# TiVo Mega: The Granddaddy of Them All



## Todd Anderson (Jul 24, 2009)

Digital Video Recorders (DVRs) were first introduced during 1999 at the Consumer Electronics Show, a time in which VHS tapes and printed television guides ruled the home video recording world. Now, over a decade later, we find ourselves in an era of set-top DVR boxes, navigable screen menus, and convenient options (like season passes) that have practically simplified recording shows to a few clicks of a remote. The DVR has been a game changer on so many fronts, all of them for the better (unless you’re an advertiser).









_The TiVo Mega boasts 24 Terabytes of storage._​
One of the weak points of DVR technology has been hard drive space (which directly dictates how many shows a user can store). Manufacturers have certainly addressed this issue by increasing drive sizes and improving user storage management software, but some folks apparently need more -- as in: _a lot_ more. Today, TiVo acknowledged that need by announcing one whopper of a DVR (by far the largest it has produced to date). TiVo Mega, as its called, houses a 24 Terabyte drive capable of storing 26,000 hours of standard definition programing. In the HD world, it’s capable of recording 4,000 hours of Hi-Def shows (equivalent to 166 days of HD viewing), meaning you could park yourself on your couch for just over 23 weeks of constant playback; big-time television junkies need not search for space any longer.

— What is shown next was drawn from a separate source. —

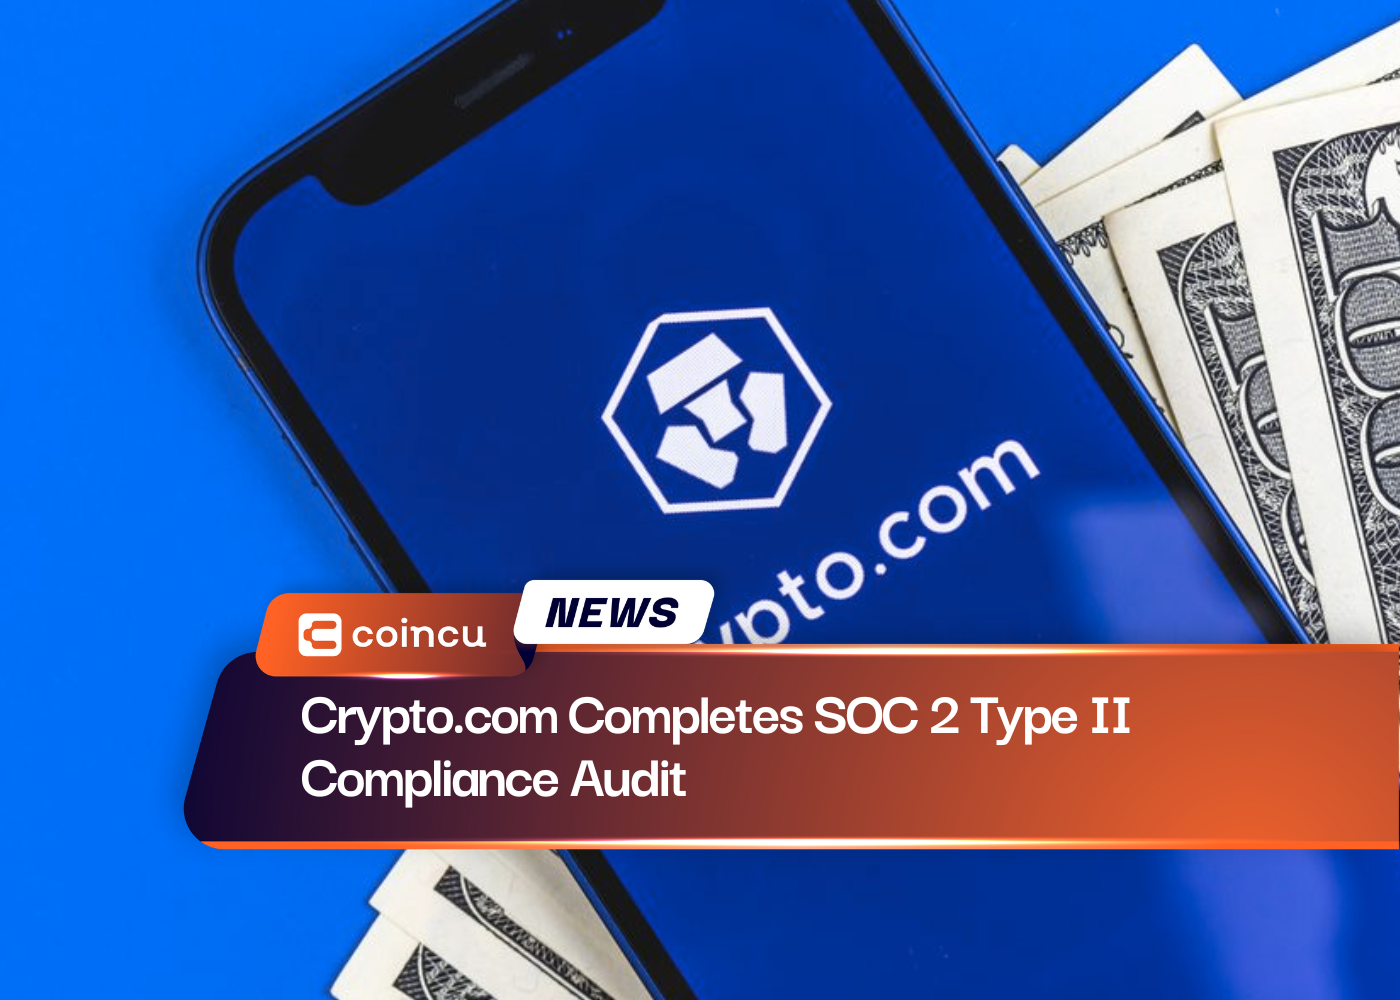 Crypto.com Completes SOC 2 Type II Compliance Audit

"Size matters. People hate being forced to delete cool stuff from their DVR before they want to or finding a TV show they had recorded is now gone. Now, with TiVo Mega they can always know their show or movie is still there to watch later," said Ira Bahr, CMO at TiVo. "TiVo Mega offers more than twelve times the storage of any cable or satellite DVR.”

TiVo Mega is designed to be mounted on a rack, which could be a stumbling block for users looking for a tabletop solution. It houses six tuners, allowing for six shows to be recorded at the same time, and drives that are swappable. Not surprisingly, it comes multi-room capable, allowing it to serve as a whole home system. Also, owners can stream live and recorded television to smartphones and tablets with onboard stream transcoding. 

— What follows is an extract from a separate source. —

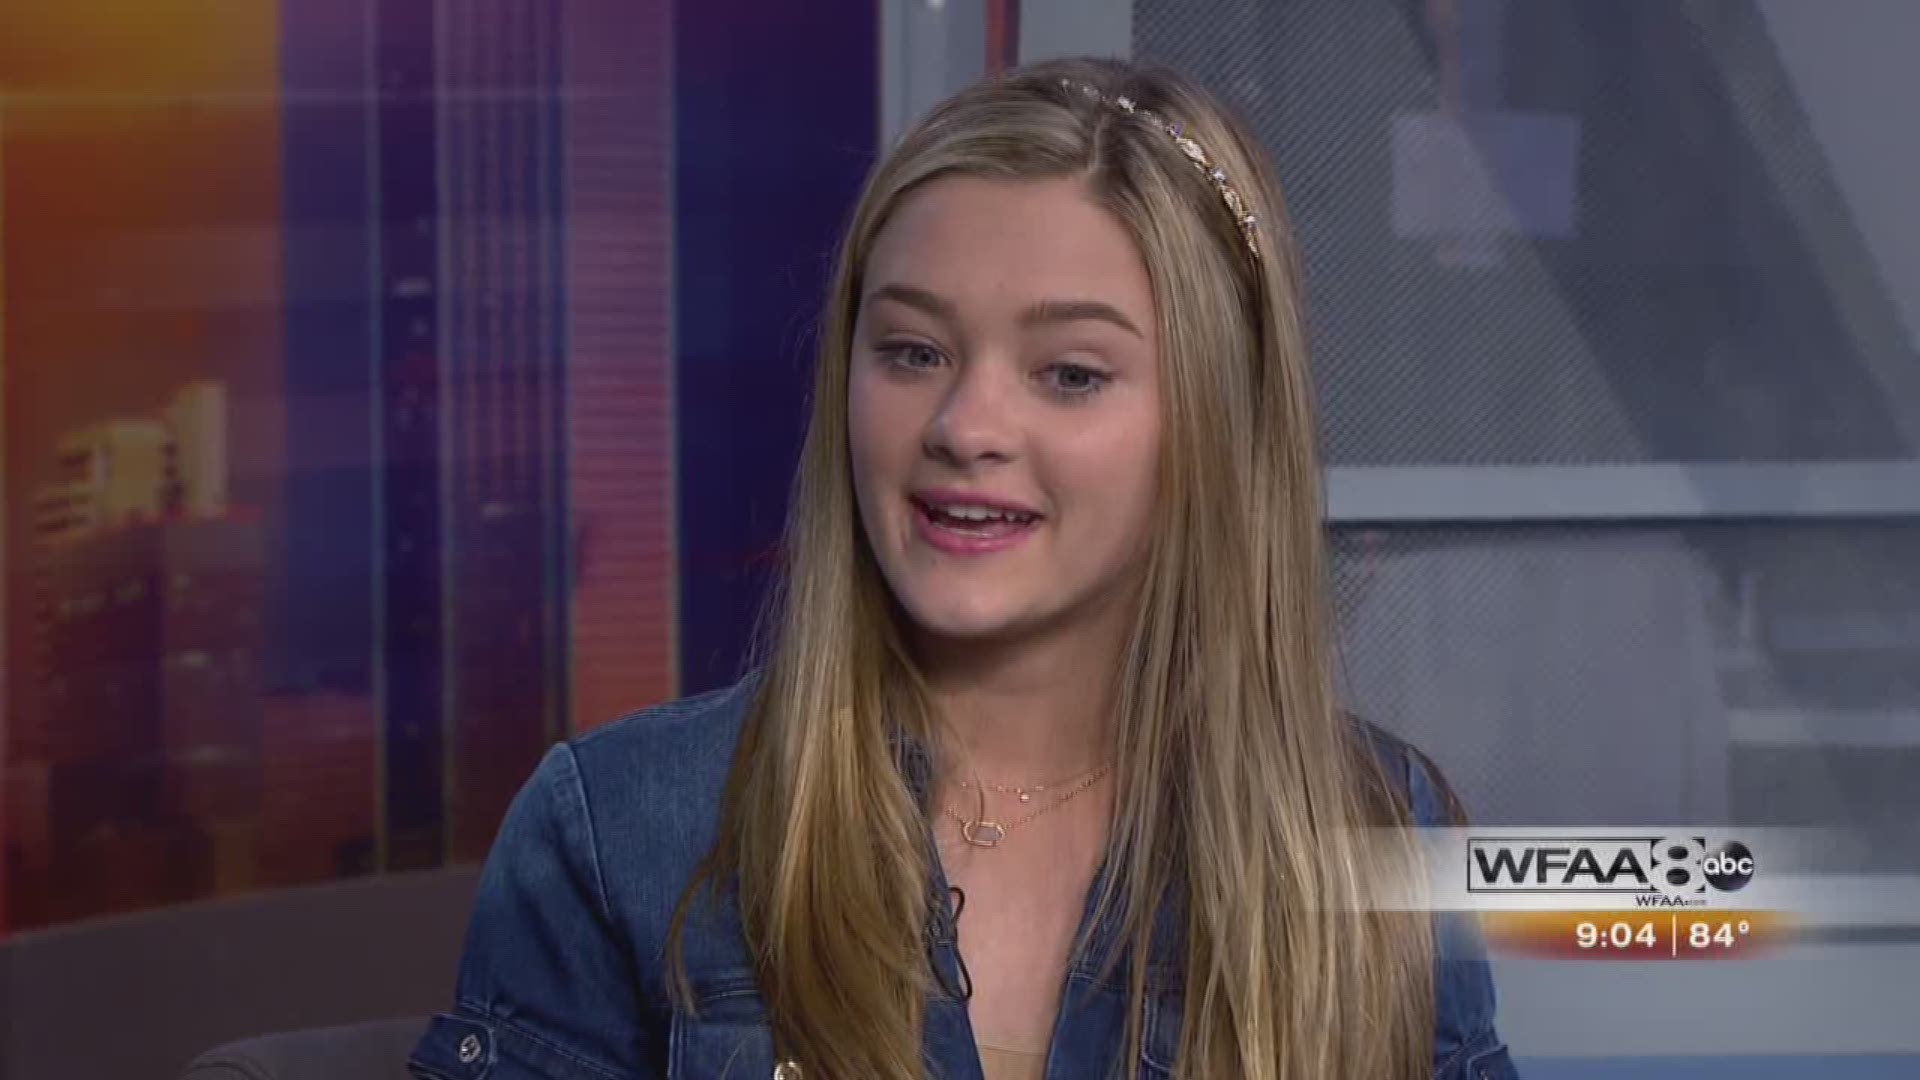 Lizzy Greene 2019 Wallpapers

The unit will be officially unveiled this week at CEDIA EXPO 2014 in Denver, Colorado (Booth #570). TiVo says it will be ready for distribution early next year for approximately $5,000 USD (which includes the unit and lifetime services). That’s a hefty price, but one that storage nuts will likely be willing to pay.

_Image: TiVo_


----------



## Peter Loeser (Aug 11, 2012)

Apparently I'm not watching enough TV... :blink:


----------



## Todd Anderson (Jul 24, 2009)

Just imagine having two of these in your home...:bigsmile:


----------



## jaguar717 (Sep 8, 2014)

26,000 hours of SD, 4000 hours of HD, so maybe 1000 hours of 4k/UHD? All that resolution will turn "excessive" into "adequate" pretty quickly.


----------



## Todd Anderson (Jul 24, 2009)

True...don't stop there, though. How about 250 hours of 8K?onder:


----------



## typ44q (Apr 7, 2008)

I have a feeling anyone willing to spend $5K on this thing will not have a problem rack mounting it. 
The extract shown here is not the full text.